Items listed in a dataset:
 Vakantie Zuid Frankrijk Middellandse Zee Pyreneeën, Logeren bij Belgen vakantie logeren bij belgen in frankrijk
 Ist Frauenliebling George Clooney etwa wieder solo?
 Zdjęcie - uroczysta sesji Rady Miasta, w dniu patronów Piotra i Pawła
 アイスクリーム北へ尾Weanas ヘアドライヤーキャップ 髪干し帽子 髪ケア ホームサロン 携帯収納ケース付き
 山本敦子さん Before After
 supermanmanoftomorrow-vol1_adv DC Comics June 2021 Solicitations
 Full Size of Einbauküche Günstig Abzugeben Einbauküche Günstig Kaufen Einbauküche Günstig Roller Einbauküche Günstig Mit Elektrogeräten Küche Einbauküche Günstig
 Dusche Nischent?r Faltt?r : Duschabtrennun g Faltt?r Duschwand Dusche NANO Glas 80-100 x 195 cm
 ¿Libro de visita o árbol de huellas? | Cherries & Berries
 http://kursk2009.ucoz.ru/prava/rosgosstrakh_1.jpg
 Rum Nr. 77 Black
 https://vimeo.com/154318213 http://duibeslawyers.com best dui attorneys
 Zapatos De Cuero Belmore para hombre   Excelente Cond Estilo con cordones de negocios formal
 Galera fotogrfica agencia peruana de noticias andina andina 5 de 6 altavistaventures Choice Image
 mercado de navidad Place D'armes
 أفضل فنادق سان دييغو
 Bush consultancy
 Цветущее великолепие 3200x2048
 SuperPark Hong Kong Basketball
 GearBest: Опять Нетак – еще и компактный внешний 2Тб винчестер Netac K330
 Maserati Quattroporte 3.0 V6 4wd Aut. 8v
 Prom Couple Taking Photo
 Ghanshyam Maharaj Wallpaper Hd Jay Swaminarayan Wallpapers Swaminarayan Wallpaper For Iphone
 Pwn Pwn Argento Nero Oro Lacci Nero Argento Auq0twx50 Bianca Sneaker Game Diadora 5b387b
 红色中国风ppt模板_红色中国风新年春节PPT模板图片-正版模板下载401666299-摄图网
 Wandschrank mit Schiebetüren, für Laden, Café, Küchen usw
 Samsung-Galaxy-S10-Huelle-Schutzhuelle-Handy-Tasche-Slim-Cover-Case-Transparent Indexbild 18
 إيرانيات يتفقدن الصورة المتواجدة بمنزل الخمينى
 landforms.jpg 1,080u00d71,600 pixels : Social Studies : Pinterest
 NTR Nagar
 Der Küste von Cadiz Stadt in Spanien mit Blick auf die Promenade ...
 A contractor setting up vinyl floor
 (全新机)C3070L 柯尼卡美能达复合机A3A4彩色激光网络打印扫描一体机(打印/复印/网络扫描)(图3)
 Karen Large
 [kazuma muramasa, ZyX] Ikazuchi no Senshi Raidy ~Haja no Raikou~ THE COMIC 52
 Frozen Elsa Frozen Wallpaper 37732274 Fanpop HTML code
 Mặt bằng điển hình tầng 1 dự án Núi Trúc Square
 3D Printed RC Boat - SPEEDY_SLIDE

*What to do:* What is needed is a full, exact copy of the records.

*Exercise answer:*
 Vakantie Zuid Frankrijk Middellandse Zee Pyreneeën, Logeren bij Belgen vakantie logeren bij belgen in frankrijk
 Ist Frauenliebling George Clooney etwa wieder solo?
 Zdjęcie - uroczysta sesji Rady Miasta, w dniu patronów Piotra i Pawła
 アイスクリーム北へ尾Weanas ヘアドライヤーキャップ 髪干し帽子 髪ケア ホームサロン 携帯収納ケース付き
 山本敦子さん Before After
 supermanmanoftomorrow-vol1_adv DC Comics June 2021 Solicitations
 Full Size of Einbauküche Günstig Abzugeben Einbauküche Günstig Kaufen Einbauküche Günstig Roller Einbauküche Günstig Mit Elektrogeräten Küche Einbauküche Günstig
 Dusche Nischent?r Faltt?r : Duschabtrennun g Faltt?r Duschwand Dusche NANO Glas 80-100 x 195 cm
 ¿Libro de visita o árbol de huellas? | Cherries & Berries
 http://kursk2009.ucoz.ru/prava/rosgosstrakh_1.jpg
 Rum Nr. 77 Black
 https://vimeo.com/154318213 http://duibeslawyers.com best dui attorneys
 Zapatos De Cuero Belmore para hombre   Excelente Cond Estilo con cordones de negocios formal
 Galera fotogrfica agencia peruana de noticias andina andina 5 de 6 altavistaventures Choice Image
 mercado de navidad Place D'armes
 أفضل فنادق سان دييغو
 Bush consultancy
 Цветущее великолепие 3200x2048
 SuperPark Hong Kong Basketball
 GearBest: Опять Нетак – еще и компактный внешний 2Тб винчестер Netac K330
 Maserati Quattroporte 3.0 V6 4wd Aut. 8v
 Prom Couple Taking Photo
 Ghanshyam Maharaj Wallpaper Hd Jay Swaminarayan Wallpapers Swaminarayan Wallpaper For Iphone
 Pwn Pwn Argento Nero Oro Lacci Nero Argento Auq0twx50 Bianca Sneaker Game Diadora 5b387b
 红色中国风ppt模板_红色中国风新年春节PPT模板图片-正版模板下载401666299-摄图网
 Wandschrank mit Schiebetüren, für Laden, Café, Küchen usw
 Samsung-Galaxy-S10-Huelle-Schutzhuelle-Handy-Tasche-Slim-Cover-Case-Transparent Indexbild 18
 إيرانيات يتفقدن الصورة المتواجدة بمنزل الخمينى
 landforms.jpg 1,080u00d71,600 pixels : Social Studies : Pinterest
 NTR Nagar
 Der Küste von Cadiz Stadt in Spanien mit Blick auf die Promenade ...
 A contractor setting up vinyl floor
 (全新机)C3070L 柯尼卡美能达复合机A3A4彩色激光网络打印扫描一体机(打印/复印/网络扫描)(图3)
 Karen Large
 [kazuma muramasa, ZyX] Ikazuchi no Senshi Raidy ~Haja no Raikou~ THE COMIC 52
 Frozen Elsa Frozen Wallpaper 37732274 Fanpop HTML code
 Mặt bằng điển hình tầng 1 dự án Núi Trúc Square
 3D Printed RC Boat - SPEEDY_SLIDE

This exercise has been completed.